Erster schriftlicher Eintrag 1153 (≈ 1153)
Karikatur der Abtei von Ayany
XIIe siècle
Bau der Bucht
Bau der Bucht XIIe siècle (≈ 1250)
Romanische Stil, Krippe voller Kleiderbügel
XVe siècle
Rekonstruktion des Chores und der Fassade
Rekonstruktion des Chores und der Fassade XVe siècle (≈ 1550)
Zusatz von Sicherheiten und Glockenturm
1669
Bau der Sakristei
Bau der Sakristei 1669 (≈ 1669)
Datum graviert an der Tür
1823
Hinzufügen von Oculus
Hinzufügen von Oculus 1823 (≈ 1823)
Modifizierte Fassade und Sicherheit
1844
Erweiterung der südlichen Sicherheiten
Erweiterung der südlichen Sicherheiten 1844 (≈ 1844)

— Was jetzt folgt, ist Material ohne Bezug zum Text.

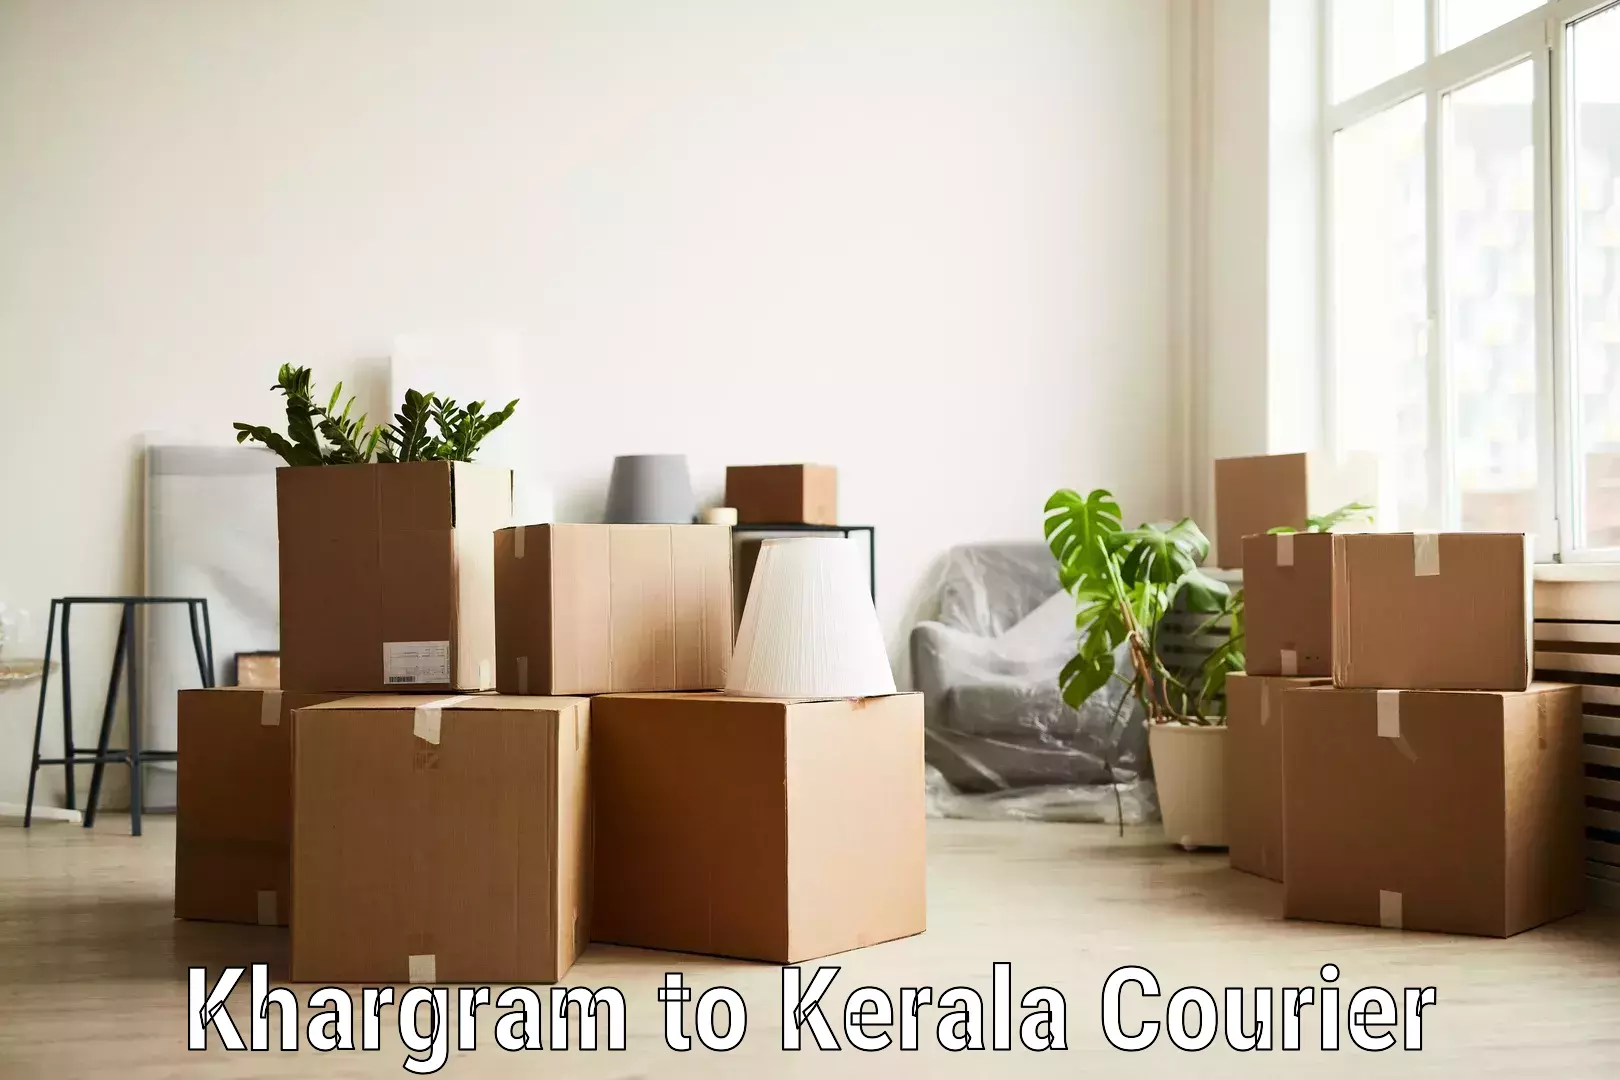 High-capacity parcel service Khargram to Karukachal

3. Spannweite hinzugefügt von Buhet
1978
Historisches Denkmal
Historisches Denkmal 1978 (≈ 1978)
Registrierung durch Ministerverordnung
1990-1991
Restaurierung von lackierten Dekorationen
Restaurierung von lackierten Dekorationen 1990-1991 (≈ 1991)
Werke von Claude Prieur
Aujourd'hui
Aujourd'hui
Aujourd'hui Aujourd'hui (≈ 2025)
Position de référence.
Kulturgüter
Kirche (Kad. AB 7): Registrierung nach Bestellung vom 4. August 1978
Kennzahlen
Louis Ennemond Buhet - Architekt
Erbaut die 3. Spanne 1844
Léonard Simonet - Entrepreneur
Beitrag von Buhet in 1844
Claude Prieur - Farbwiedergaber
Restaurierung der Dekore 1990-1991
Ursprung und Geschichte
Die Kirche Merle-Leignec, die seit 1153 im Karikular der Abtei von Ainay erwähnt wurde, wurde zunächst unter dem Namen Notre-Dame platziert, bevor sie nach dem 18. Jahrhundert Saint-Ennemond gewidmet wurde. Sein im 12. Jahrhundert erbautes Schiff ist mit einer Wiege voller Hänger bedeckt, während der Chor und die mit Sprengköpfen gekämpften Sicherheiten aus dem 15. Jahrhundert stammen. Die Westfassade und der Glockenturm, gleichzeitig wieder aufgebaut, ersetzen eine alte Glockenturmwand über dem triumphalen Bogen.
Im 17. Jahrhundert wurde die Sakristei 1669 hinzugefügt, wie durch das Datum, das über seiner Tür graviert wurde, belegt wurde. Der Oculus der Fassade und Sicherheiten, wahrscheinlich aus dem Jahr 1823, sowie der 3. südlichen Spanne, gebaut 1844 von Architekten Louis Ennemond Buhet und Unternehmer Léonard Simonet, illustrieren die nachfolgenden Transformationen. Die lackierten Dekorationen aus dem 13., 16., 18. und 19. Jahrhundert wurden 1990-1991 restauriert und enthüllten ihren historischen Reichtum.
Die Kirche, einmal umgeben von einem Friedhof, der 1874 zerstört wurde, bewahrt Reste einer fehlenden Kapelle, wieder in den Nebengebäuden des Presbyteriums verwendet. Im Jahre 1978 wurde ein historisches Denkmal gewürdigt, es gehört nun zur Gemeinde und bezeugt die architektonische und religiöse Entwicklung der Region, vom Mittelalter bis zur modernen Zeit.